【转】Thinking Set-Based .... or not?

转自 http://weblogs.sqlteam.com/jeffs/archive/2007/04/30/60192.aspx

Thinking "Set-Based"

So, I hear you're a "set-based SQL master"!

As Yoda once said, you've "unlearned what you have learned". You've trained yourself to attack your database code not from a procedural, step-by-step angle, but rather from the set-based "do it all at once" approach. It may have taken weeks, months or even years to finally obtain this enlightened state of "database zen", but it was worth it. Your SQL code is short, fast, and efficient. There is not a cursor in sight. You have reached the point where you can write a single SELECT that replaces hundreds of lines cursors, temp tables and client-side processing. Life is good.

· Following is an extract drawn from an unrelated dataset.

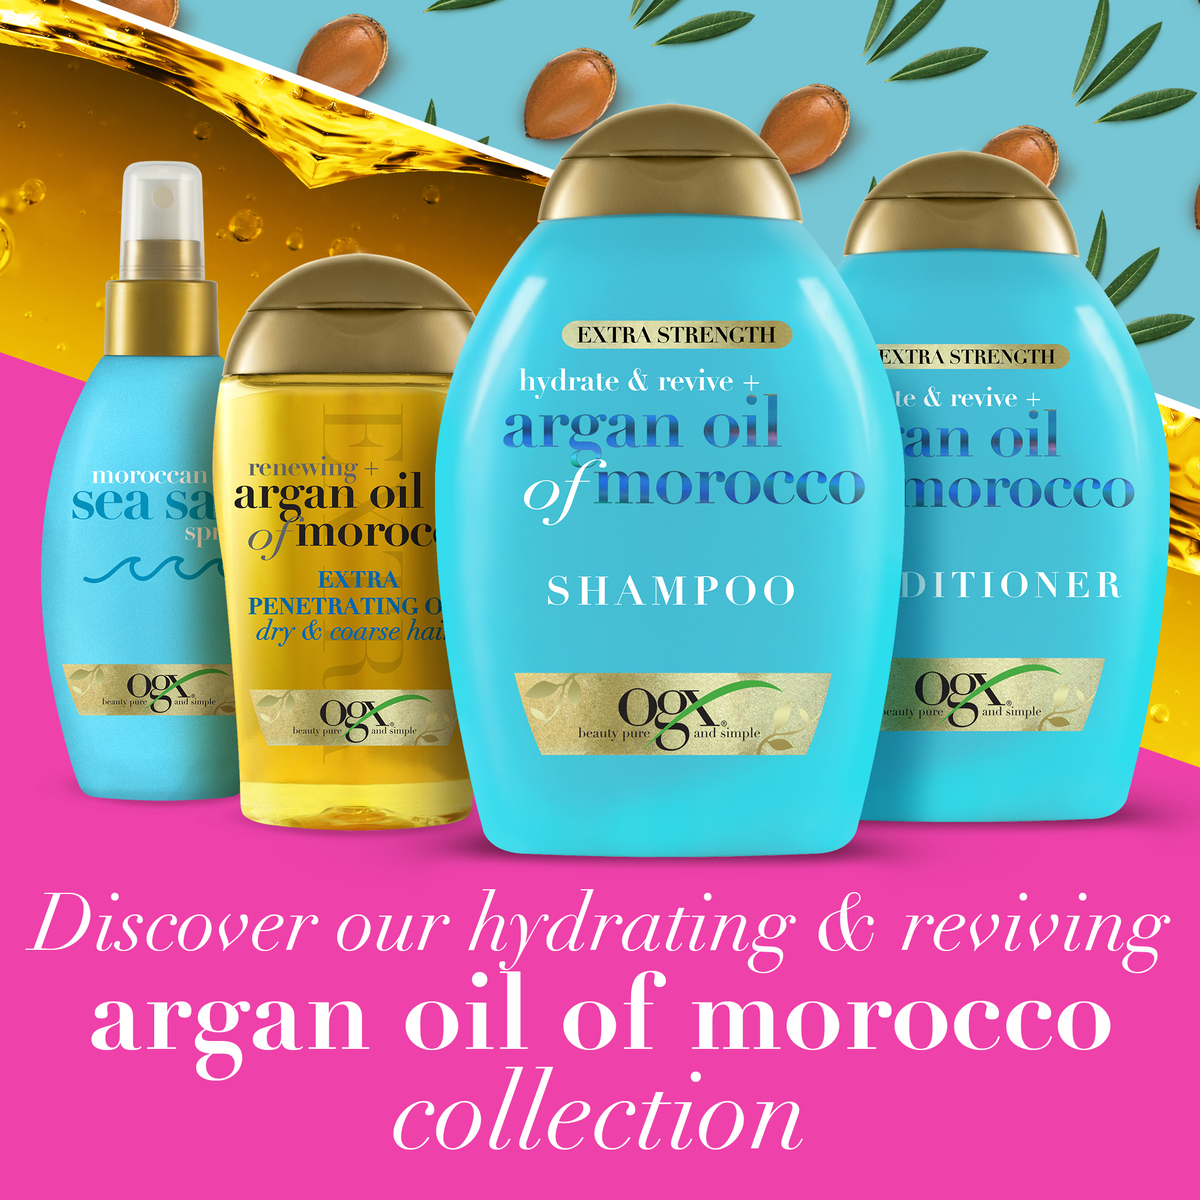 OGX Shampoo Extra Strength + Argan Oil Of Morocco 385 ml

As I read somewhere once, you don't tell SQL how to do it, you tell SQL what you want, and that's a great way of thinking about it. A procedural programmer gets bogged down with the details, and has to concentrate on breaking things down into small pieces, explicitly reading and processing one row of data at a time, and figuring out how to combine those results together at the end to make it all work. A set-based SQL programmer worries about none of those things: In the set-based world, you state your relations and join the tables together, add some grouping and criteria, and it is the database engine that worries about the specifics.

Well, maybe not ... You might not want to abandon all of the things that you learned from your procedural background. There's a danger in misunderstanding that set-based programming means "doing it all at once", and thinking that it forbids processing things "one at a time" or "in steps". Sometimes, when you get too comfortable in the set-based way of thinking, you abandon the good things that you learned as a procedural programmer. The two mindsets aren't as different as you might think!

Approaching a Problem

What if I ask you to write a somewhat complicated SELECT, something like this:

"Write a SELECT that returns, for a given @Year, the total sales by office, and also the office's top salesperson (highest total sales for the year) with their salary (as of the last day of that year), their total bonuses for that year, and their hire date."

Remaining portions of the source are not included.